A cyber attack not only compromises the security of a company’s networks, but also creates undesirable consequences for its business function. Accenture reports that 43% of these attacks are directed towards small businesses and what’s worrying is that only 14% of them are prepared to defend themselves.
There are various costs arising from cybercrime. These include: damage and destruction of data, stolen money, lost productivity, theft of intellectual property, theft of financial and personal data, fraud, business disruption, restoration of hacked data and systems, and reputational harm. The latter being the less measurable cost with the loss of corporate reputation influencing consumers’ trust in a company.
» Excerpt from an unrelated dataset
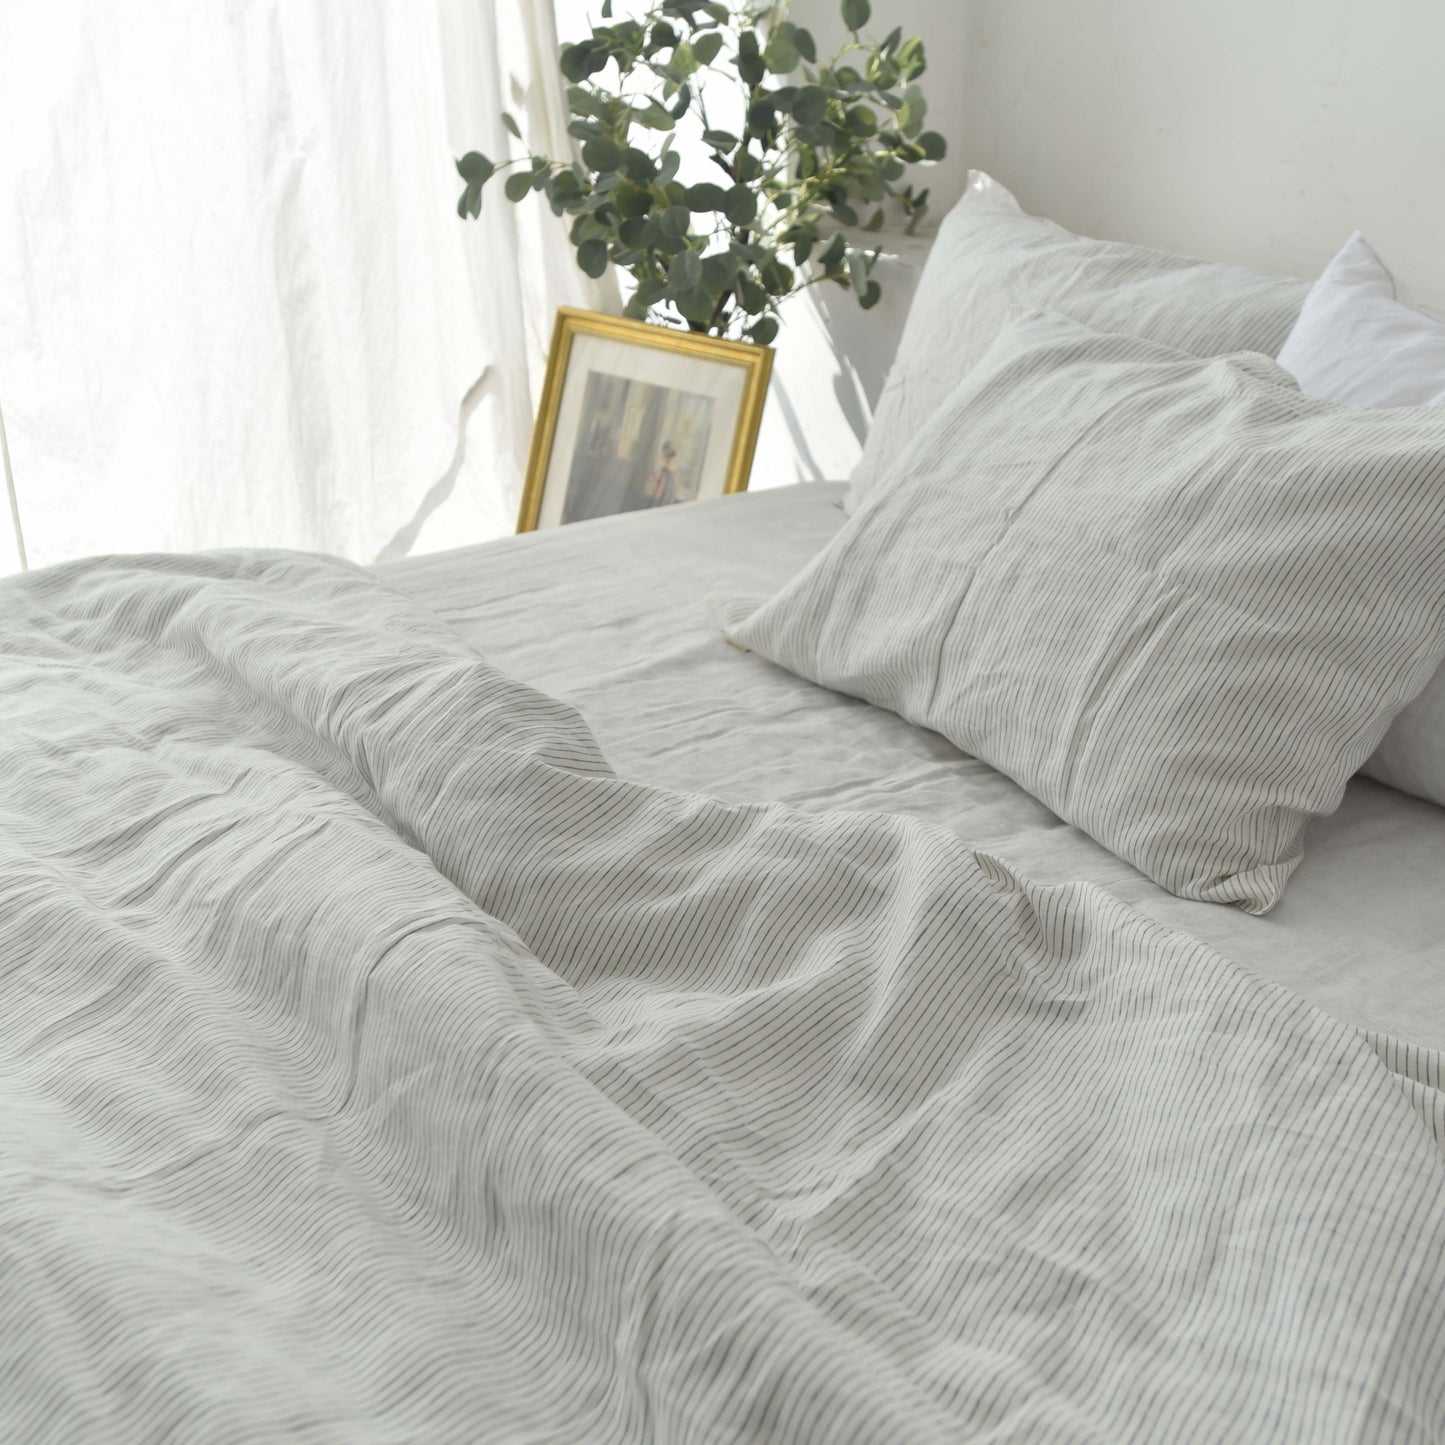 Black Striped French Linen Pillowcase - Yarn Dyeing 59

Ransomware is one category of cyber crime of particular concern, with costs incurred skyrocketing over the past years, especially for small businesses. This malware infects computers and mobile devices, restricting users’ access to files and often threatening permanent data destruction unless a ransom is paid. This form of cyber crime has reached epidemic proportions globally and is the “go-to method of attack” for cybercriminals. Cybersecurity Ventures estimates that global ransomware damage costs will reach $20 billion by 2021; 57 times more than it was in 2015. Ransomware attacks on businesses occur every 11 seconds, up from every 40 seconds in 2016. Mark Montgomery, director at the U.S. Cyberspace Solarium Commission (CSC), believes that this is the fastest growing and one of the most damaging types of cybercrime, which will ultimately convince senior executives to take the cyber threat more seriously.
Phishing attacks occur when attackers try to trick unsuspecting victims into handing over valuable information, such as passwords, credit card details, intellectual property, and so on. These attacks are mostly in the form of an email pretending to be from a legitimate organization, such as a bank, or insurance agency. It is considered the most common form of cyber attack, mostly because it is easy to carry out and surprisingly effective. After declining in 2019, phishing increased in 2020 to account for 1 in every 4,200 emails. According to an IBM report, the average cost per compromised record has steadily increased over the past few years, with the cost in 2019 being $150. This may not seem substantial, unless the organisation is large, for instance, Marriott which lost 5.2 million records in its most recent breach. This resulted in a cost estimated to be around $780 million. Moreover, CSO reports that Phishing attacks account for more than 80% of reported security breaches. Thus, even though this form of cybercrime may not be the most costly for small businesses, it is definitely much more frequent than other forms.
There exist other established and emerging types of cyber crime which all organisations must constantly keep an eye out for. These include Man-in-the-middle attacks (MITM), AI-Powered attacks, IoT-Based attacks, SQL injection, and many more. Data is the building block of the digitized economy, and the opportunities for innovation and malice around it are incalculable. Therefore, it is vital for organisations of all sizes to develop and maintain well-fortified cybersecurity systems. Penetration testing, security audits and risk assessments are needed to maintain such a system, which may be provided by an experienced I.T vendor.